### Data ###
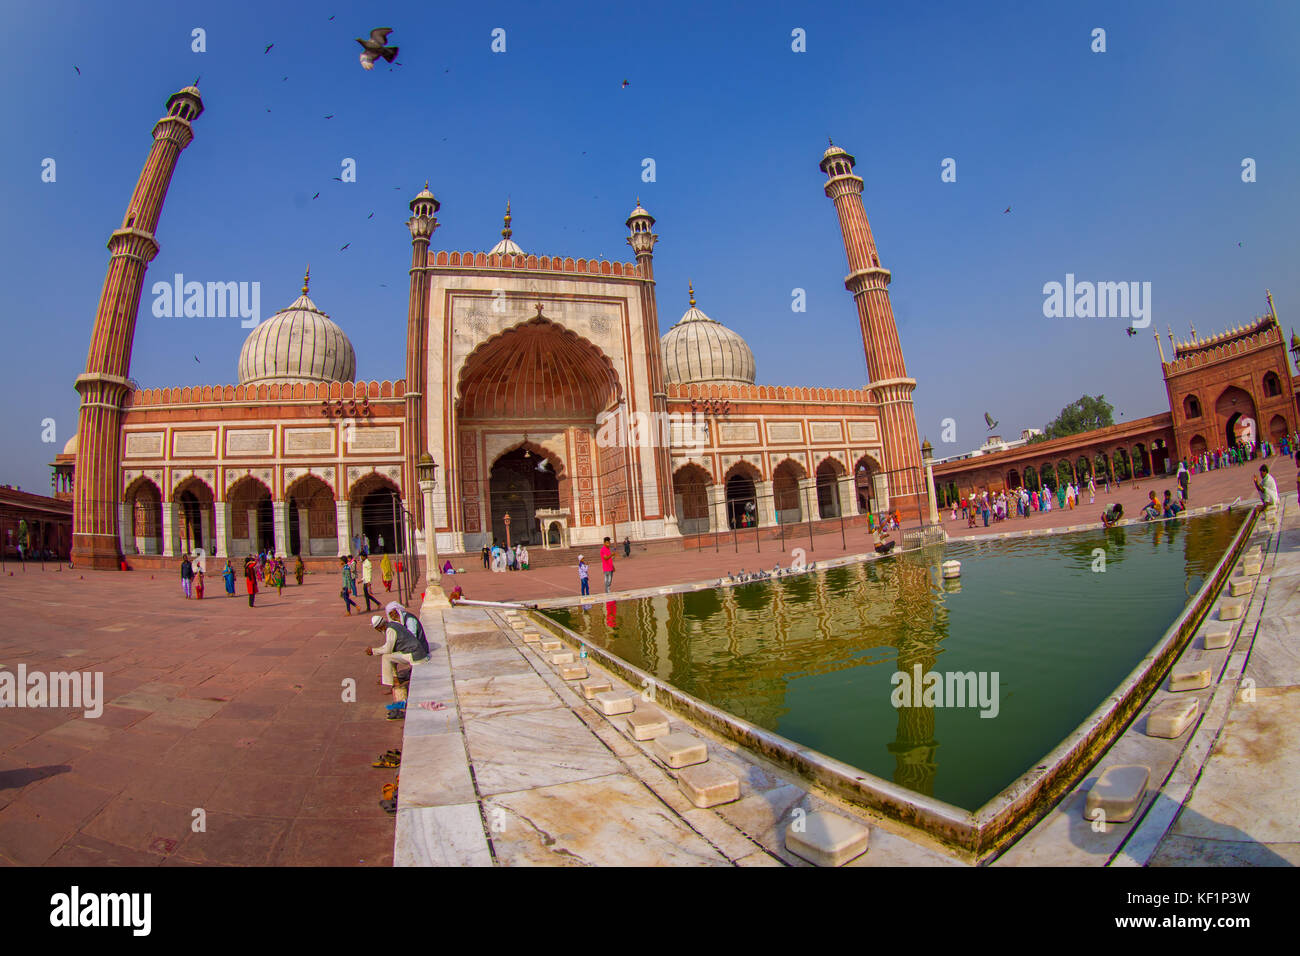 Delhi, Indien - 27. September 2017: unbekannte Menschen zu Fuß in der Nähe des künstlichen Teich vor einem wunderschönen Jama Masjid Tempel, mit einem Vögel fliegen über dem Tempel, das ist die größte muslimische Moschee in Delhi, Indien, Fischaugen-Effekt Stockfoto
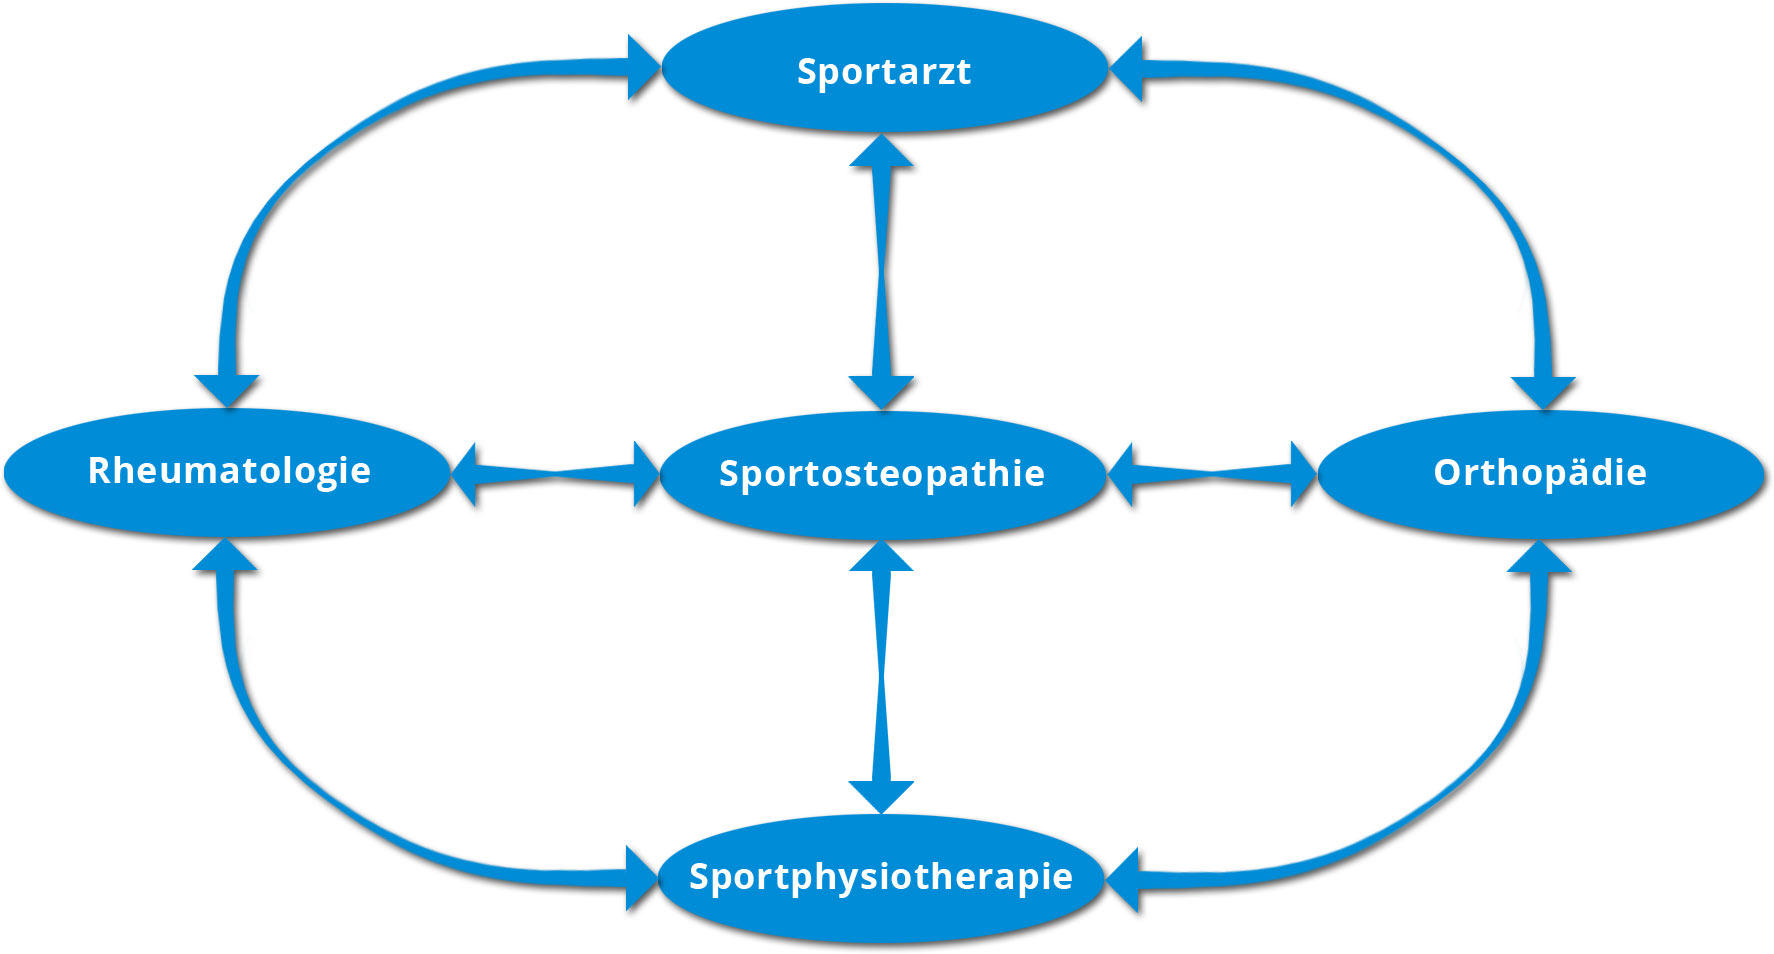 Sportosteopathie in Zusammenarbeit mit anderen Fachrichtigungen
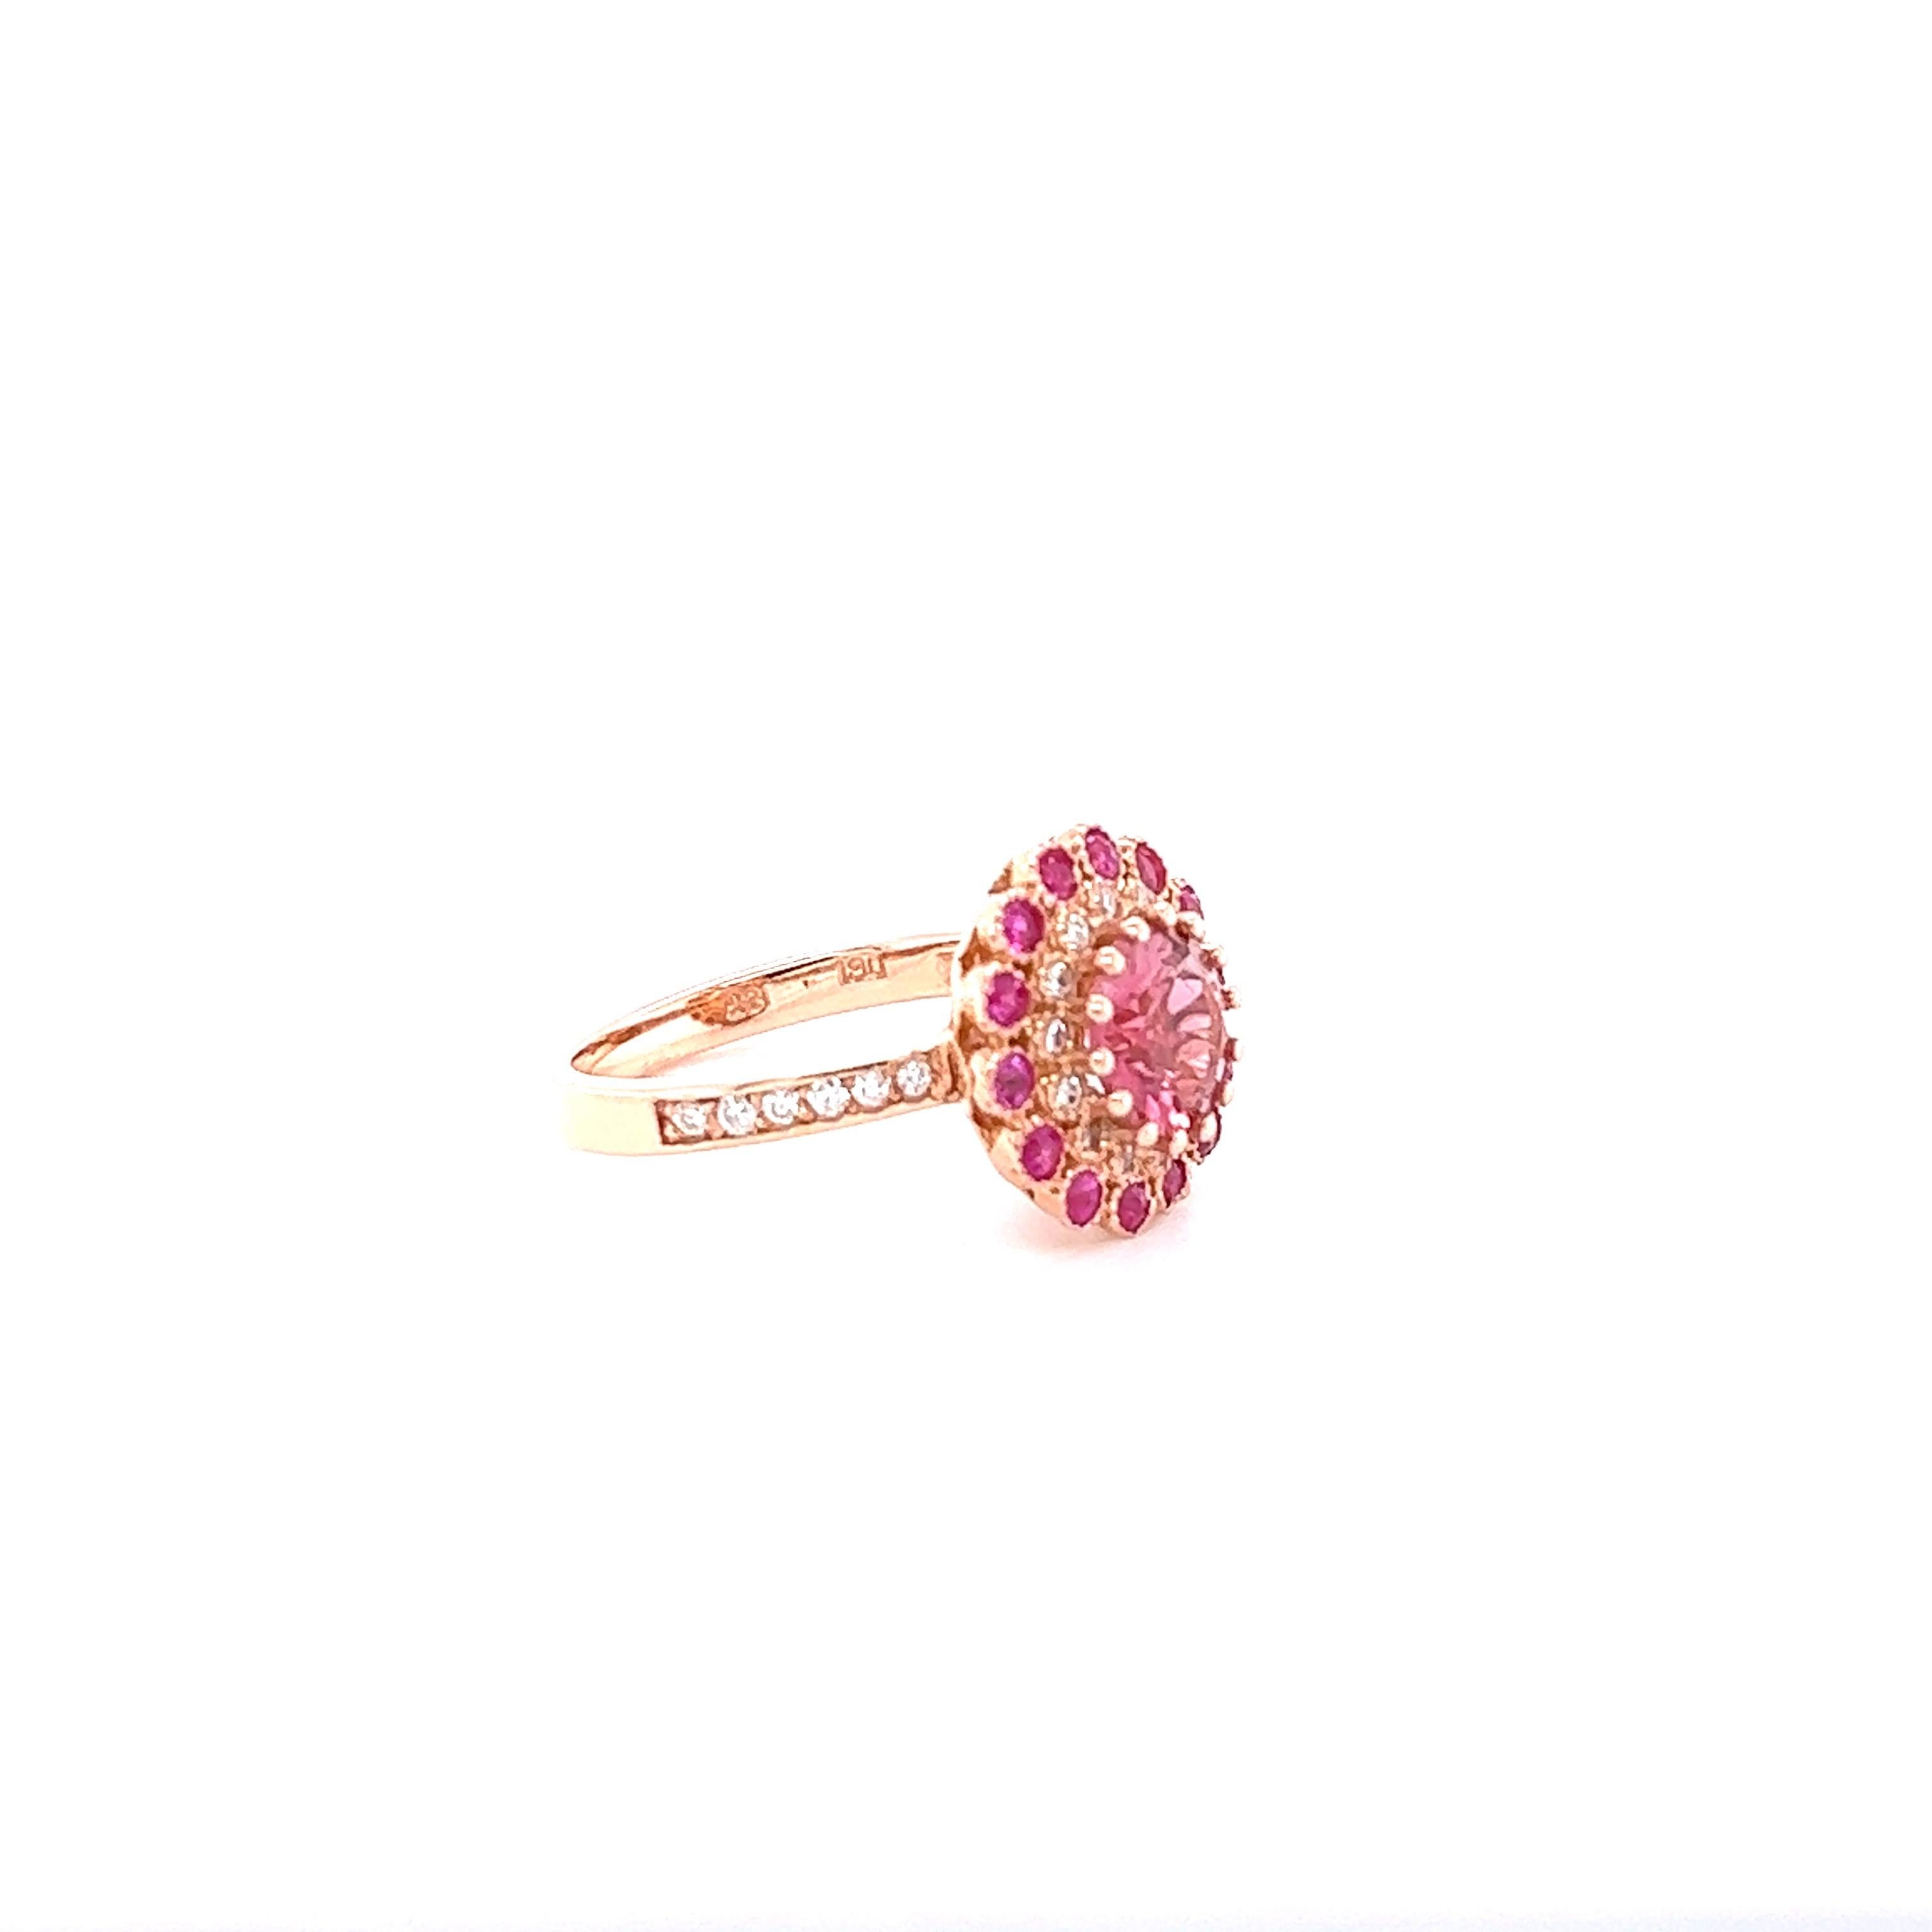 Cette beauté possède une tourmaline rose de taille ronde sertie au centre de la bague, pesant 1,79 carats et mesurant 8 mm.  Elle est entourée de 14 saphirs roses taillés en rond qui pèsent 0.54 carats et de 26 diamants taillés en rond qui pèsent
###
● About this exercise: Here the job is to output the lines from the top of the listing through the line holding "Sportosteopathie in Zusammenarbeit", word for word and without pictures.

● Written response:
 Delhi, Indien - 27. September 2017: unbekannte Menschen zu Fuß in der Nähe des künstlichen Teich vor einem wunderschönen Jama Masjid Tempel, mit einem Vögel fliegen über dem Tempel, das ist die größte muslimische Moschee in Delhi, Indien, Fischaugen-Effekt Stockfoto
 Sportosteopathie in Zusammenarbeit mit anderen Fachrichtigungen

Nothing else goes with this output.